__Action item__
All the data should be repeated exactly. Any image in it is left out.

__Data segment__
_____

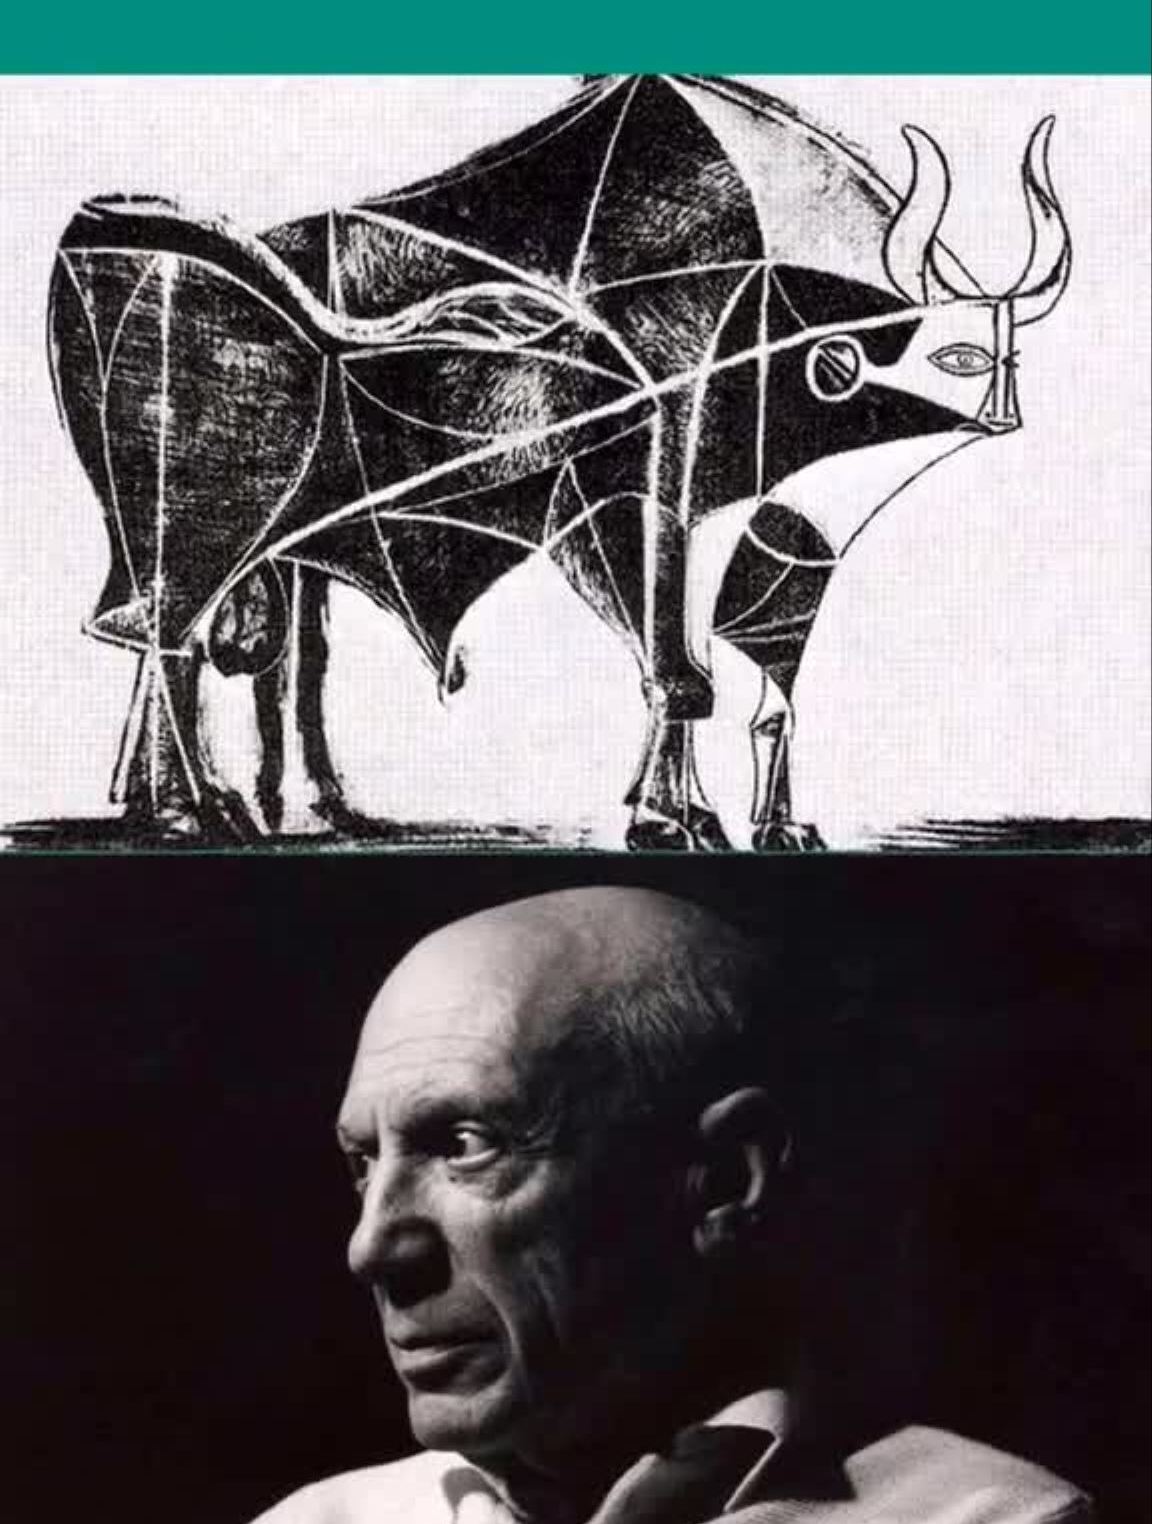 毕加索的牛的变形图片
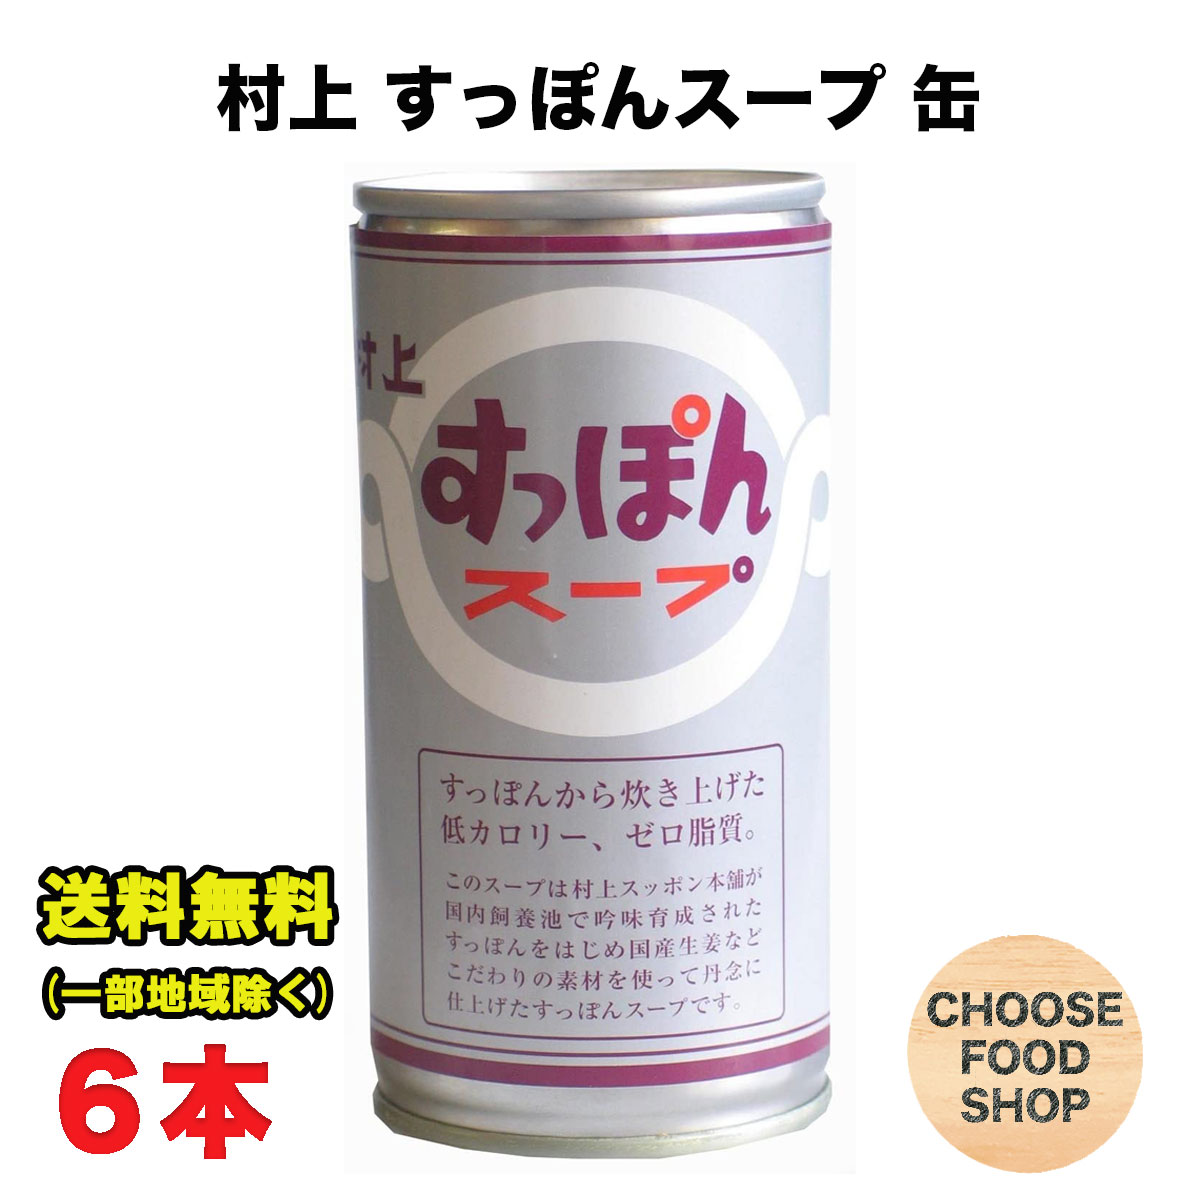 送料無料 エバラ なべしゃぶ 柑橘醤油つゆ (100g×2袋)×24袋
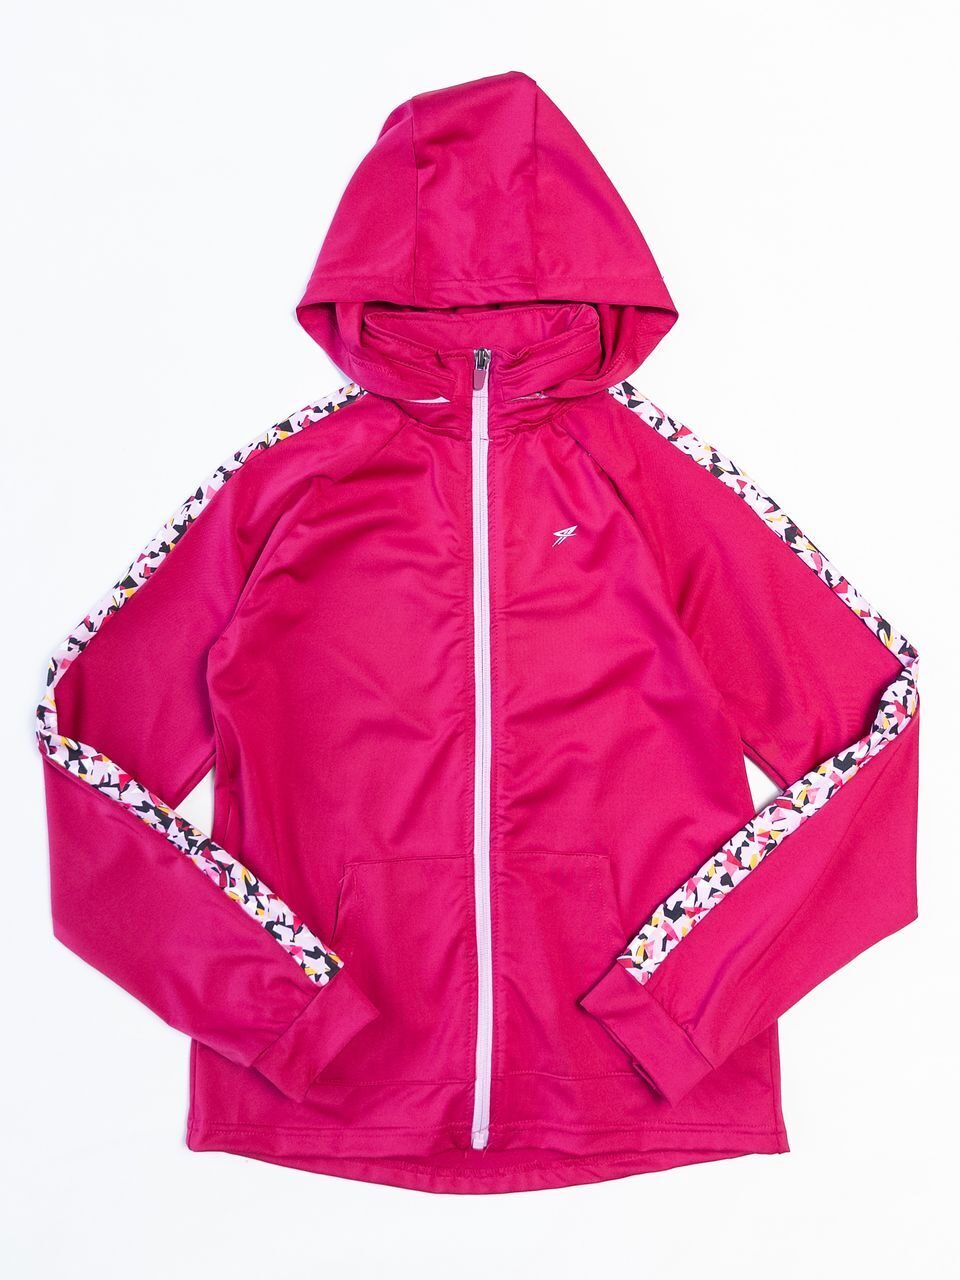 Толстовка спортивная для девочки со скрытым капюшоном, рукав реглан цвет розовый/узор рост 152 см Primark

_____

__Result__
 毕加索的牛的变形图片
 送料無料 エバラ なべしゃぶ 柑橘醤油つゆ (100g×2袋)×24袋
 Толстовка спортивная для девочки со скрытым капюшоном, рукав реглан цвет розовый/узор рост 152 см Primark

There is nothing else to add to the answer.